The color of State of California is that of the fool's gold.

Tuesday, January 4, 2011

For Every Bill Gates, There Are Thirty-Six of These Executives of UC

Yesterday, Steve Masover commented about the demands of thirty-six highly paid executives of severely under-funded University of California for ever higher retirement pension:

The Whinging 36 are threatening legal action if they don't get their pensions plumped.

These executives claim in their letter and attached position paper (from which the foregoing quote was drawn) that the changes they demand were promised by the University's governing Board of Regents and other executives. This is actually pretty important, and I'm inclined to believe them on that point. I'm not qualified to debate signatory and Whinging 36 leader Christopher J. Edley, the dean of UC Berkeley's law school, on questions to do with the legal obligations in play.

I do note, however, that it was apparently legal for the princes of Wall St. to slurp down bonuses that make UC executive compensation look like couch-cushion change, even after financial firms accepted billions of taxpayer dollars in bailouts for the mess they made of the economy. Never mind that the "recovery" that this bailout effected has yet to return millions of people to work at real-world wages.

So it's not so surprising that some executives at the University of California feel entitled to demand exceptional pensions to wash down their exceptional pay, even though the state's and university's budgets are in crisis, layoffs are rampant, belts are tightening, employee pension plans are requiring greater contributions from staff and faculty, retirement age is being pushed back, new-employee benefits will be offered on lesser terms, and ...
Naturally, it is always the powerful to wield weapons of legality to protect their perks.  When the Wall Street capitalists were bailed out, Obama administration didn't demand them to take less payment or bonuses, due to existing contracts.  Yet, when auto companies were rescued, the existing contracts of the auto workers were modified and the waged workers were make to take less home.

People here don't like to talk about class struggle.  But ignoring it won't make it disappear.  In my blog article Nobility of the Bailliage of Blois, George Soros and Wen Jiabao, I commented that:

When I examined certain terrible political situations, I was often struck by the inability and ineffectual of some enlightened insiders' attempt to improve the situation and the great weight of societal inertia.

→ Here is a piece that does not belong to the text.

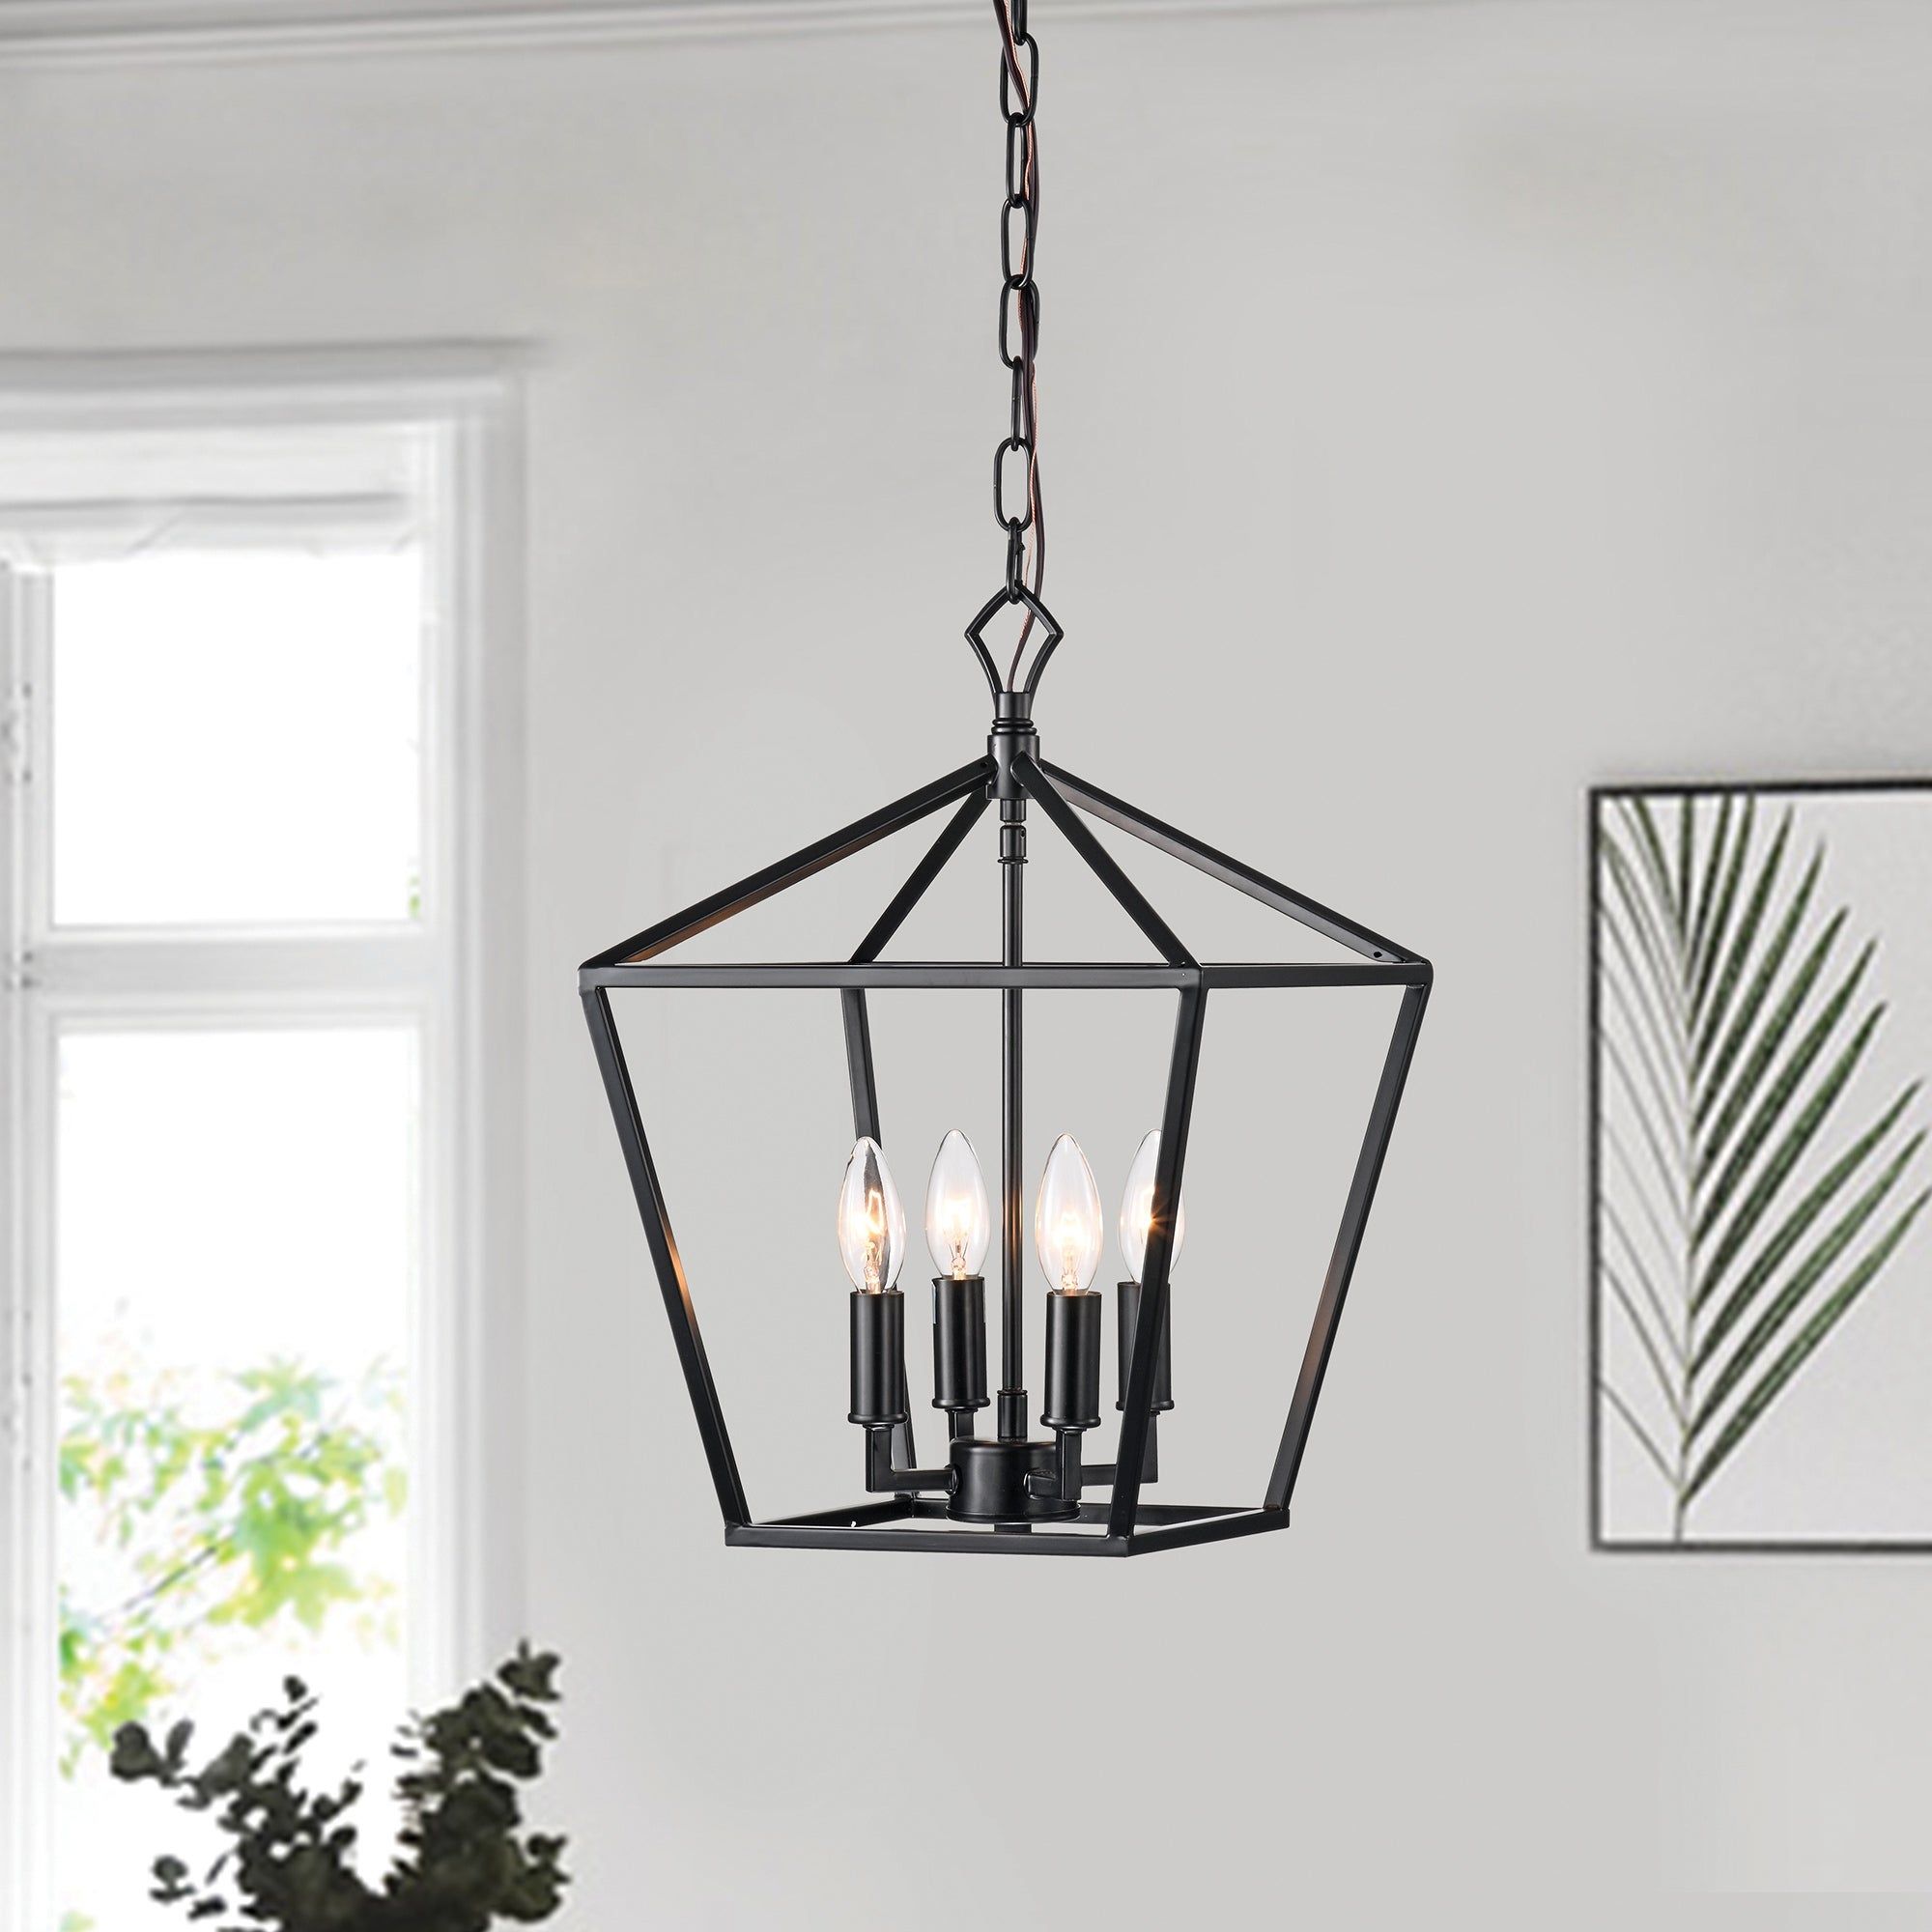 Matte Black 4 Light Lantern Pendant 12 In With Nickel Or Black Sleeve – On  Sale – Overstock – 34157357 Pertaining To 12 Light Lantern Chandeliers (View 10 of 15)

The ever-larger income inequality in the US is marching the entire nation towards a precipice.  In the face of a clear and present danger, someone in the upper crest of the society, such as George Soros, Bill Gates and Nancy Pelosi are trying valiantly to stem the redistribution of wealth from the middle- and lower- class to the supremely rich, in order to create a more sustainable social structure.  But the oppositions from deceptive figures like Meg Whitman and Sarah Palin, some ignorant members of Tea Party, and indifferent "independent voters", thwarted their efforts repeatedly and at the brink of decimate such attempts.  If that happens, it would be tragic for the people those enlightened insiders trying to help, and it would be even more tragic for these enlightened insiders if the order of the society collapses and they become personal victims to the situations they had tried to change, either out of selfless compassion or calculated long-term view.  Then the scale their tragedy would mount to Shakespearean.
Try they might, these enlighten members of establishment won't succeed, I'm afraid.  For every Bill Gates, there are thirty-six of these executives of University of California.